Volver a la arena para lo mismo
Uno de los elementos que ha intentado mantenerse constante es la votación democrática antes de cada ronda. La regla sigue: si la mayoría decide parar, el juego se termina y se reparte el dinero. La inclusión de esta decisión moral repetida parece querer añadir profundidad al dilema de los personajes, pero en la práctica, resulta redundante. Esa discusión interna ya fue explorada en entregas anteriores. Aquí se vuelve a presentar sin variaciones significativas.

Lo más frustrante es que estos momentos consumen tiempo que podría usarse para desarrollar mejor los desafíos o a los propios jugadores. A eso se suma la reaparición de los VIP, figuras que desde la temporada uno fueron poco convincentes. Su intervención se siente desconectada, como si formaran parte de otro relato, uno con menos seriedad. Sus comentarios supuestamente reflexivos no aportan gran cosa y, en cambio, desaceleran el ritmo cuando más urgencia se necesita.
Las pruebas, que fueron el corazón del atractivo en el debut de la serie, ahora se sienten relegadas. Quedan varios juegos por enfrentar, pero ninguno alcanza la intensidad de los que vimos en la primera parte. El diseño de los desafíos ya no sorprende, ni se integra con la lógica del universo que se había construido. Se nota menos creatividad, menos riesgo.

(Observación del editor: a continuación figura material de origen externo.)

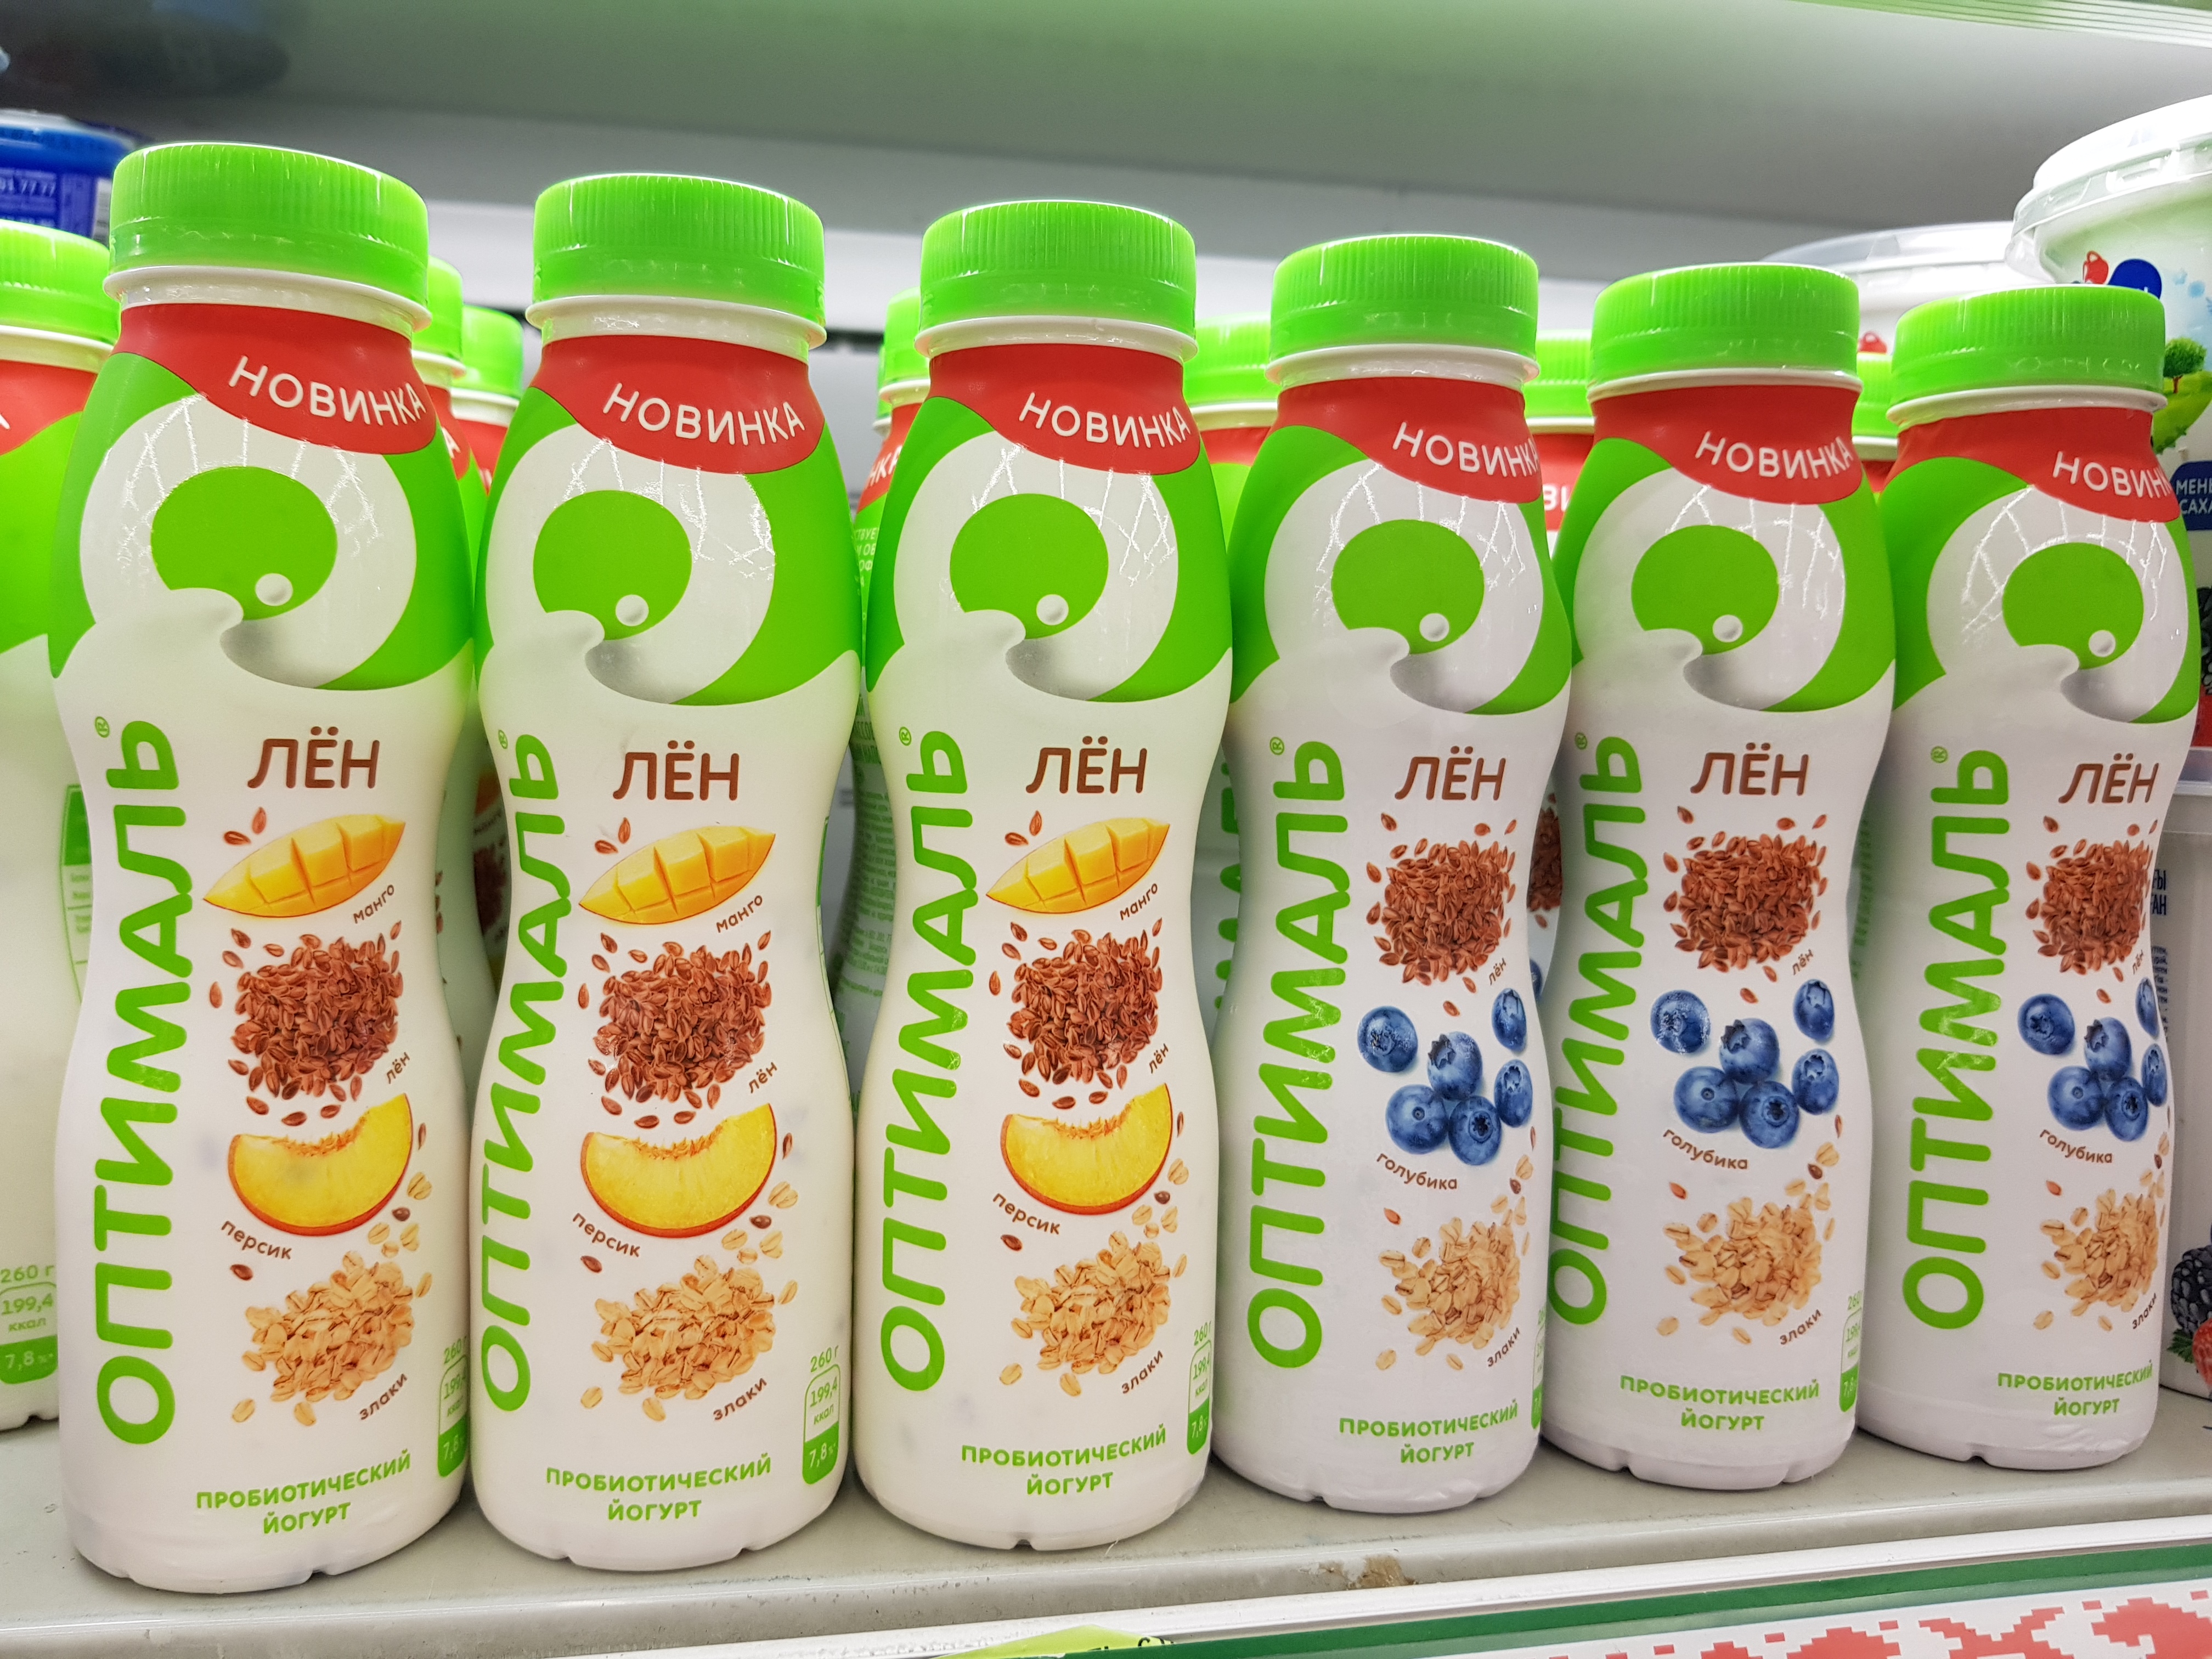 Белорусские йогурты фото и названия

Lo que antes eran situaciones construidas con precisión para sacar lo peor y lo mejor de los personajes ahora parecen obstáculos que se atraviesan por inercia. Es difícil no sentir cierta decepción. La apuesta por desarrollar otras líneas argumentales quita espacio a lo que dio origen al fenómeno. El formato ya no tiene el mismo impacto porque la narración se diluye. Es como si los juegos se hubieran convertido en un requisito, más que en el núcleo del relato.
Un final sin mucho que ofrecer
En paralelo al torneo principal, la historia se desvía hacia otras tramas que intentan profundizar en algunos personajes. Kang No-eul (Park Gyu-young), una desertora norcoreana que trabaja como infiltrada, ocupa bastante tiempo de pantalla. Su recorrido ofrece una mirada diferente, pero no siempre se justifica su presencia en términos narrativos. También se sigue de cerca a Jun-ho (Wi Ha-joon), quien explora las islas en busca de su hermano In-ho. Este último gana relevancia en la recta final, compartiendo protagonismo con Gi-hun.

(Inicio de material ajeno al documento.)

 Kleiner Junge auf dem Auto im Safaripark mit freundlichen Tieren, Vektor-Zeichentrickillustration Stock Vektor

Lo interesante es que In-ho (Lee Byung Hun) logra generar momentos más introspectivos y menos ruidosos, aportando algo de equilibrio a un relato que a veces se va por la vía del exceso. Estas líneas, sin embargo, compiten por atención con la trama central, lo cual fragmenta la tensión dramática. Y aunque algunas escenas funcionan por separado, el conjunto se resiente. Hay demasiadas cosas sucediendo al mismo tiempo y ninguna parece llevar el control de la historia con firmeza.

Lo más problemático es que la serie ya no logra equilibrar sus elementos como lo hacía antes. La crítica social, la tensión emocional, la acción y la desesperación moral convivían antes con eficacia. Ahora, en cambio, se sienten como partes sueltas. La tercera temporada, aunque cierra el ciclo narrativo, lo hace sin el impacto o la claridad que podrían haberse esperado de una serie que marcó un antes y un después en el género.
Sigue siendo visualmente poderosa y tiene momentos aislados que recuerdan su brillantez original, pero no alcanza a recuperar la cohesión que alguna vez tuvo. El público, eso sí, seguirá ahí, como sigue en todo fenómeno viral. Pero desde la mirada crítica, es evidente que algo se perdió en el camino. En el intento por expandir el mundo narrativo, se perdió parte de lo que hacía único al juego: su capacidad para incomodar mientras entretenía. Ahora entretiene, pero incomoda menos. Y en esta serie, eso hace una gran diferencia.